I think God just can't wait to have you by His side (you know how jealous He is)! I will finally get to meet you one day in Heaven, brother!
Missy Borman
By Missy Borman
Keith-Even though I don't know you personally I have been following your story for 5 years. I happened to come upon your site while searching for info on stage 4 colon cancer as my mom had recently been diagnosed at that time. She fought a courageous battle for 4 years and was honored with her great reward Feb. 2014. I am praying for you and your family for peace and strength in the days ahead. Please know you have been such an inspiration to many people. Many more than you will ever know! God Speed-
Joann Smith
By Joann Smith
Dear Keith, Like so many others you contacted me immediately after my son was diagnosed with stage 3C colon cancer. I printed off the email you sent me and I treasure it. My son is 2 years cancer free I pray it continues. Keith you and your family have been down in the trenches together but you have soldiered on I don't know that I would have the strength you do. My oldest son passed after a brief 2 week battle with very aggressive acute myeloid leukemia I could not imagine the battle you have had. For that I thank God for his mercy to my son.
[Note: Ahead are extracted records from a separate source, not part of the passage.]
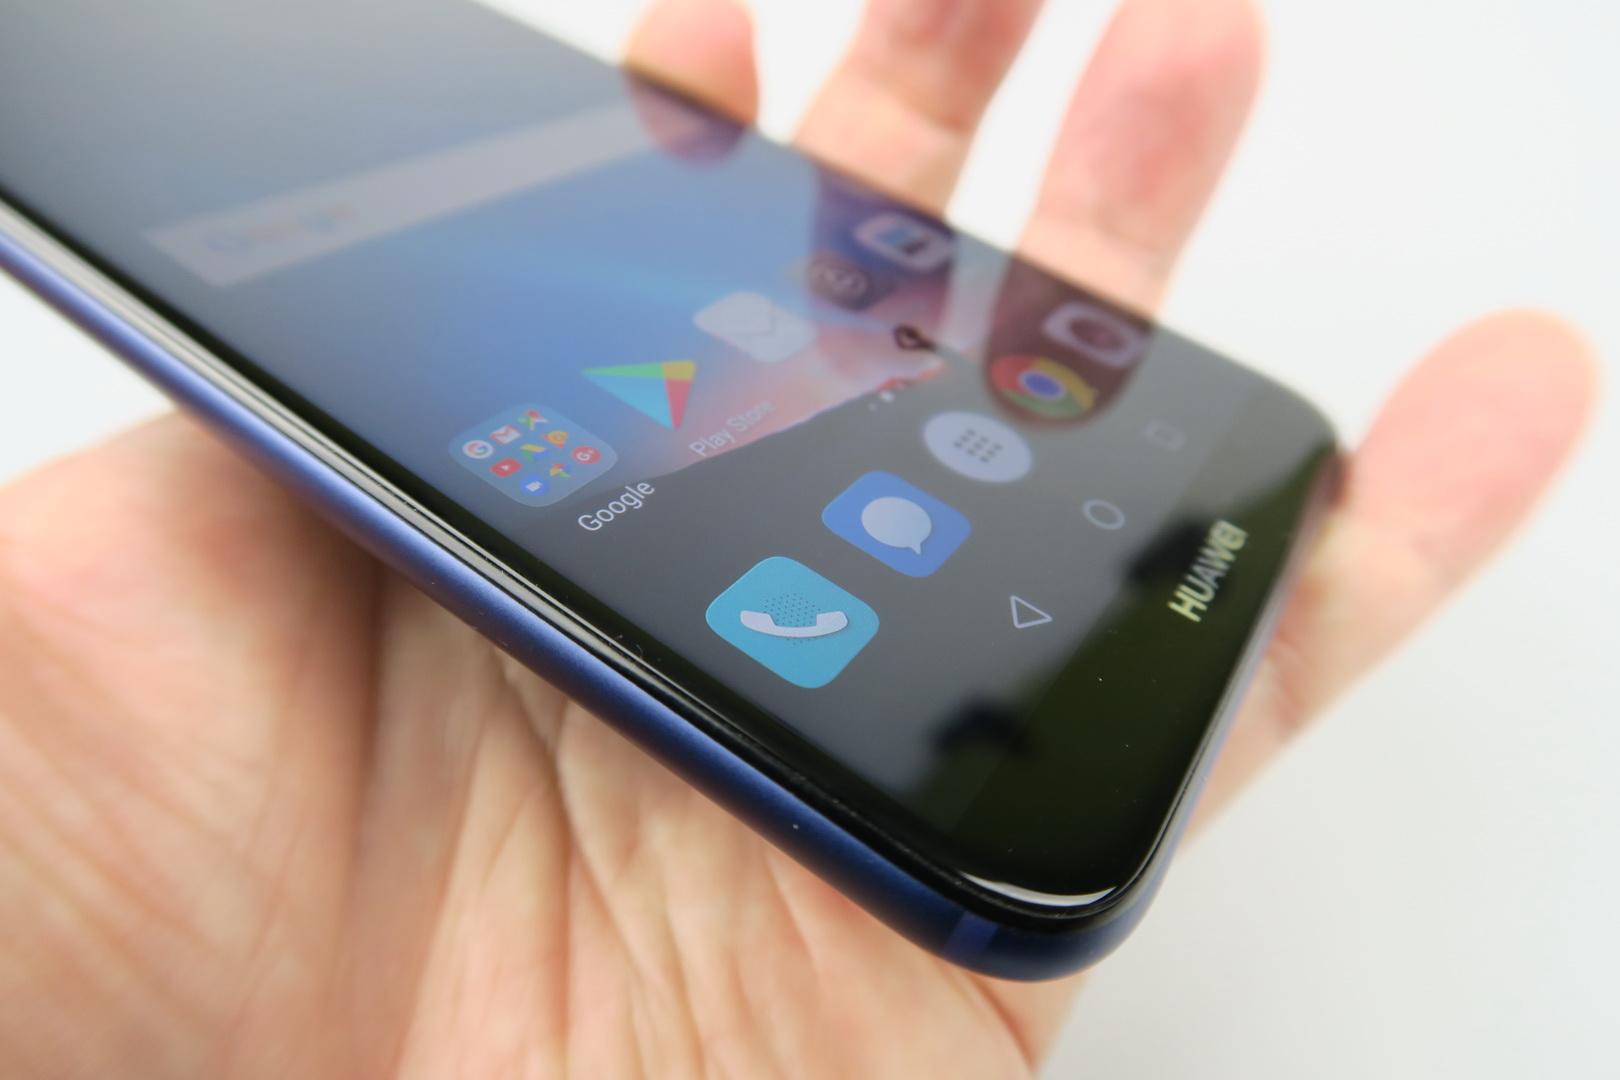 Huawei Mate 10 Lite Review: More of a Selfie Phone, More ...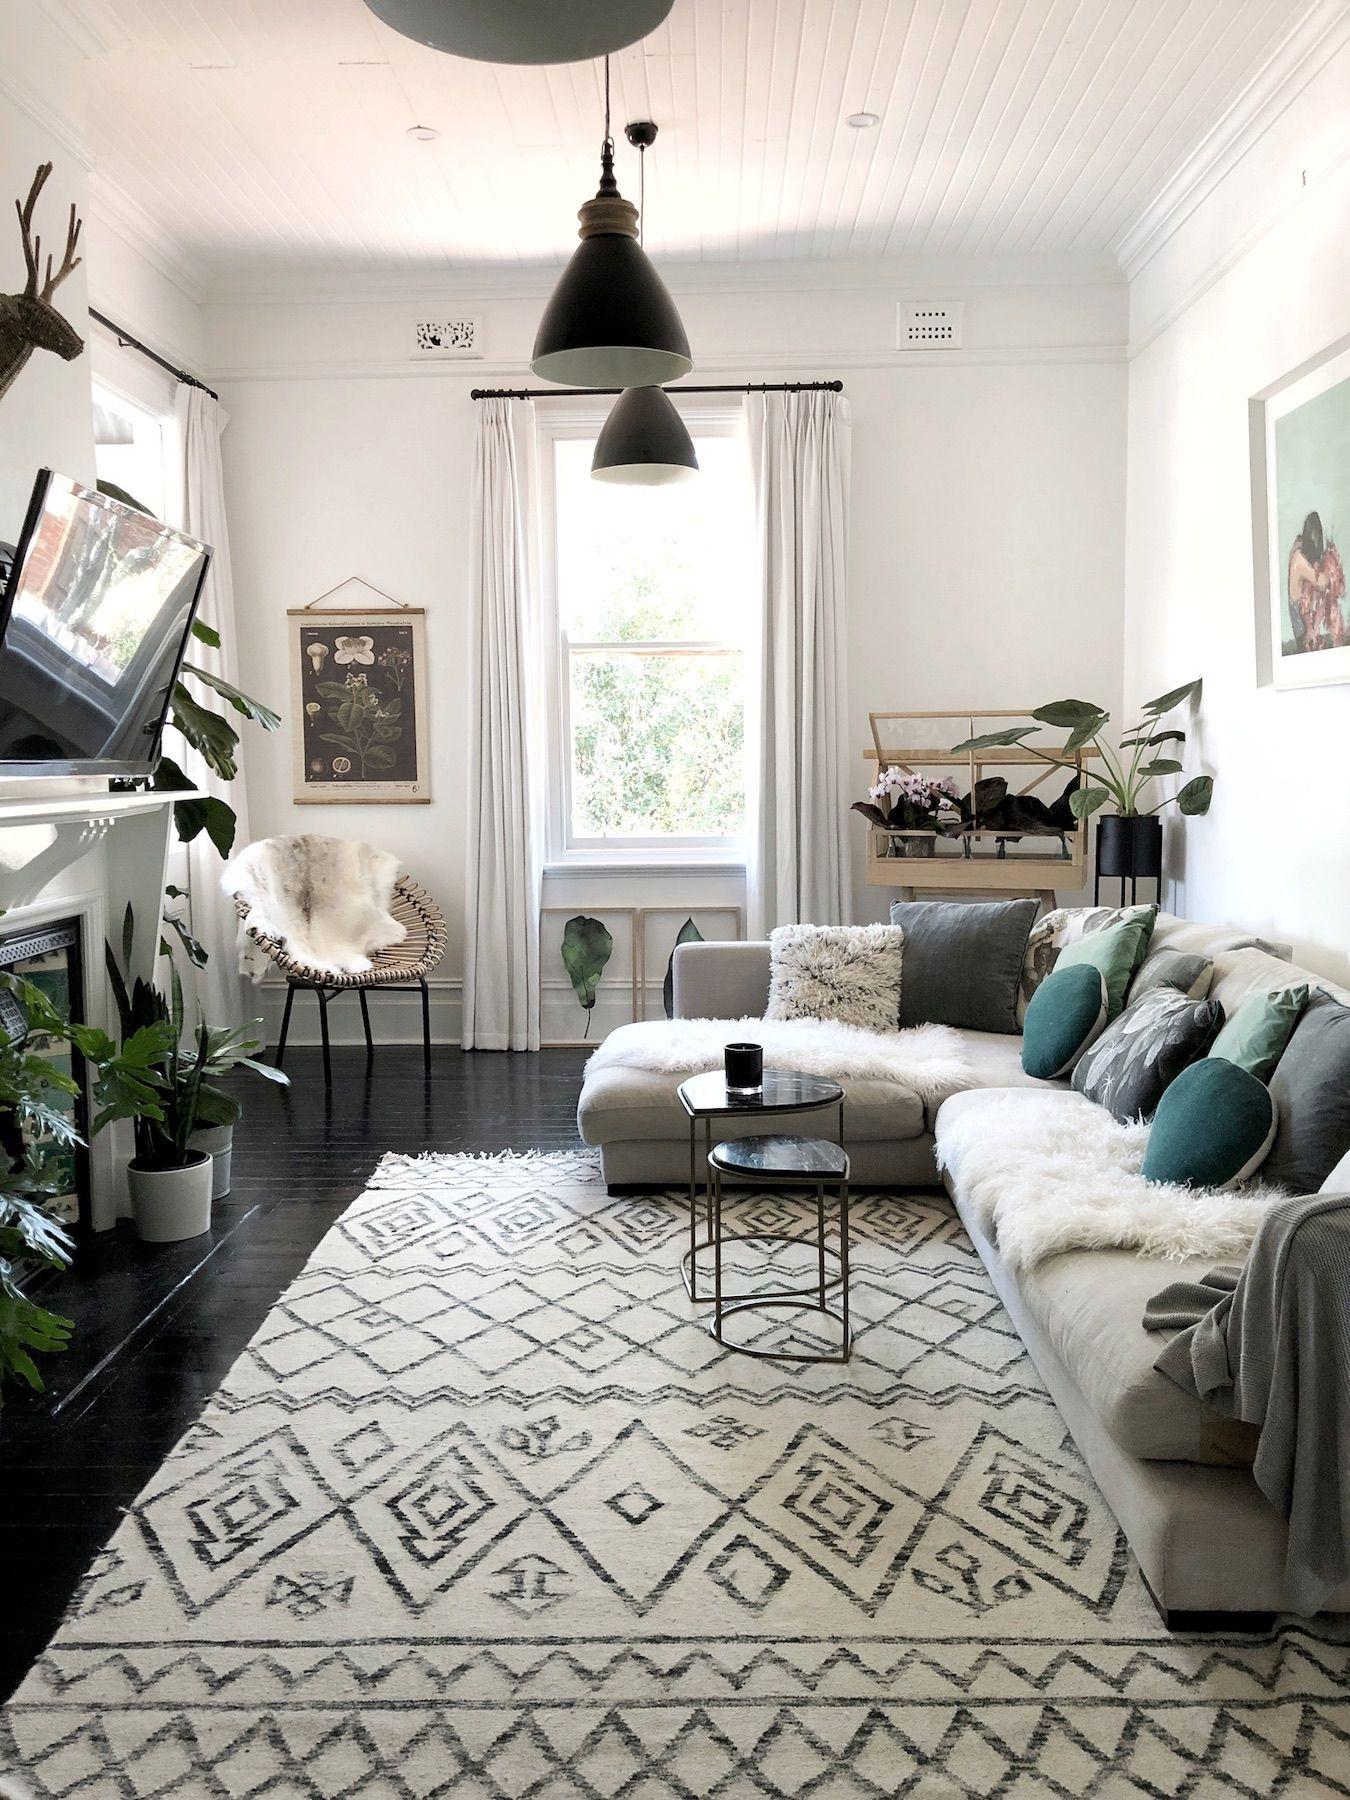 In Australia A Florist Family Room Design Living Room On A Budget Bedroom Decor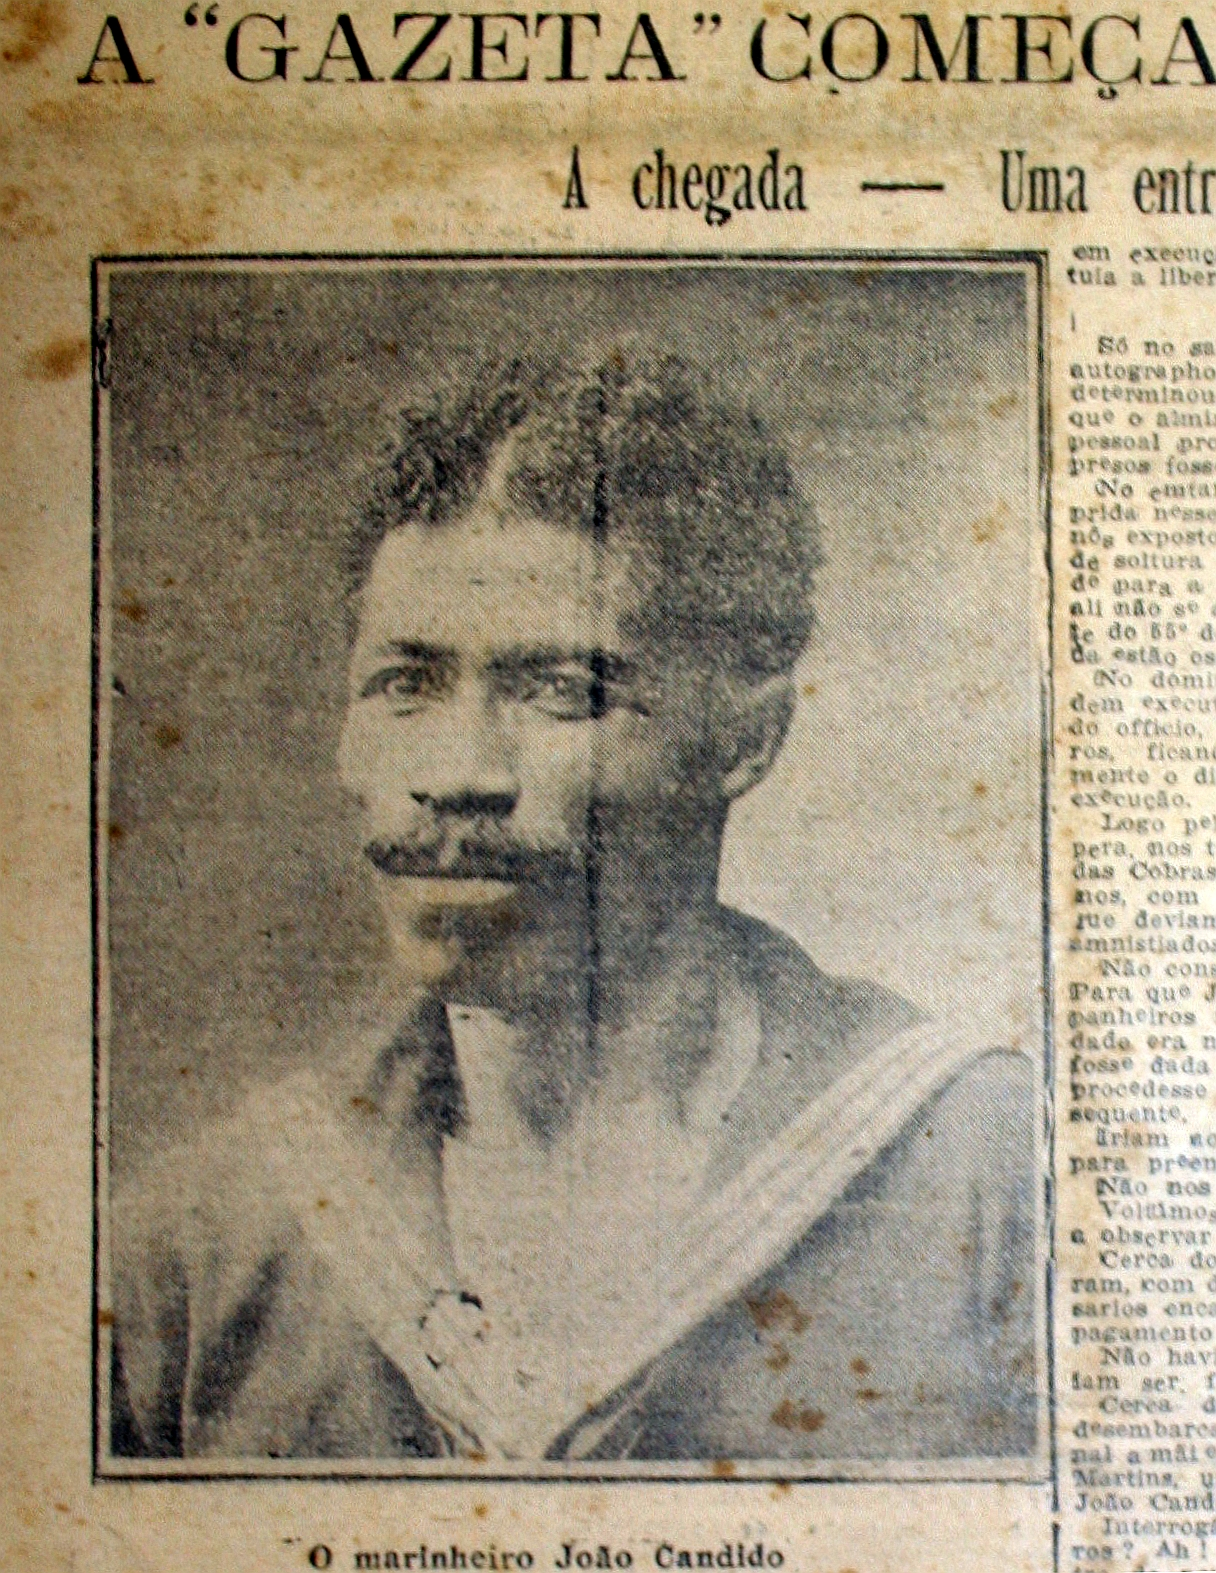 https://upload.wikimedia.org/wikipedia/commons/7/70/Gazeta_de_noticias_31-12-1912_02.jpg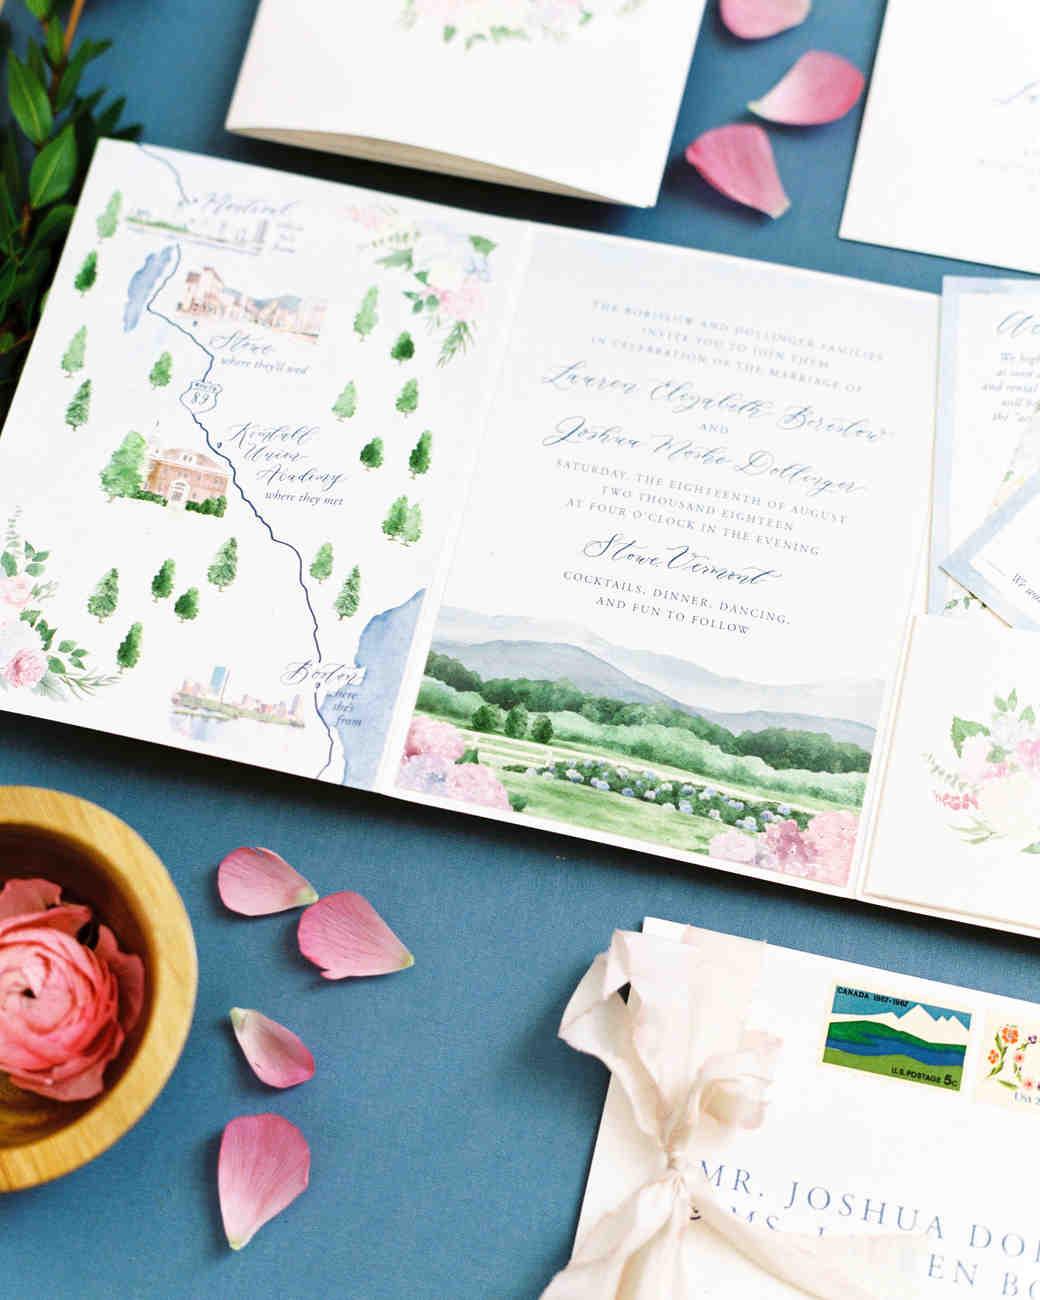 lauren josh wedding invitations

Today I pray for your continued peace as you end your journey and again a prayer I learned from my grand daughter's school "May the blessings of the Lord be upon you and your family we bless you in the name of the Lord." And Keith thank you for blessing us. Godspeed
sharon russell
By Sharon Russell
Keith, I will try to keep this short. I have known you and your family for almost 40 years. You have been A tremendous inspiration for so many. Your strength, courage and humor has been incredible. You have fought a great fight such a great inspiration. As I sit here with tears rolling down my cheeks I know how tough that it will be for all of you. I will keep all of you in my prayers and Know how much you are loved by so many and countless lives you have inspired and touched in such a positive loving way. With great love and respect I will keep you all in my prayers. Love you darlin.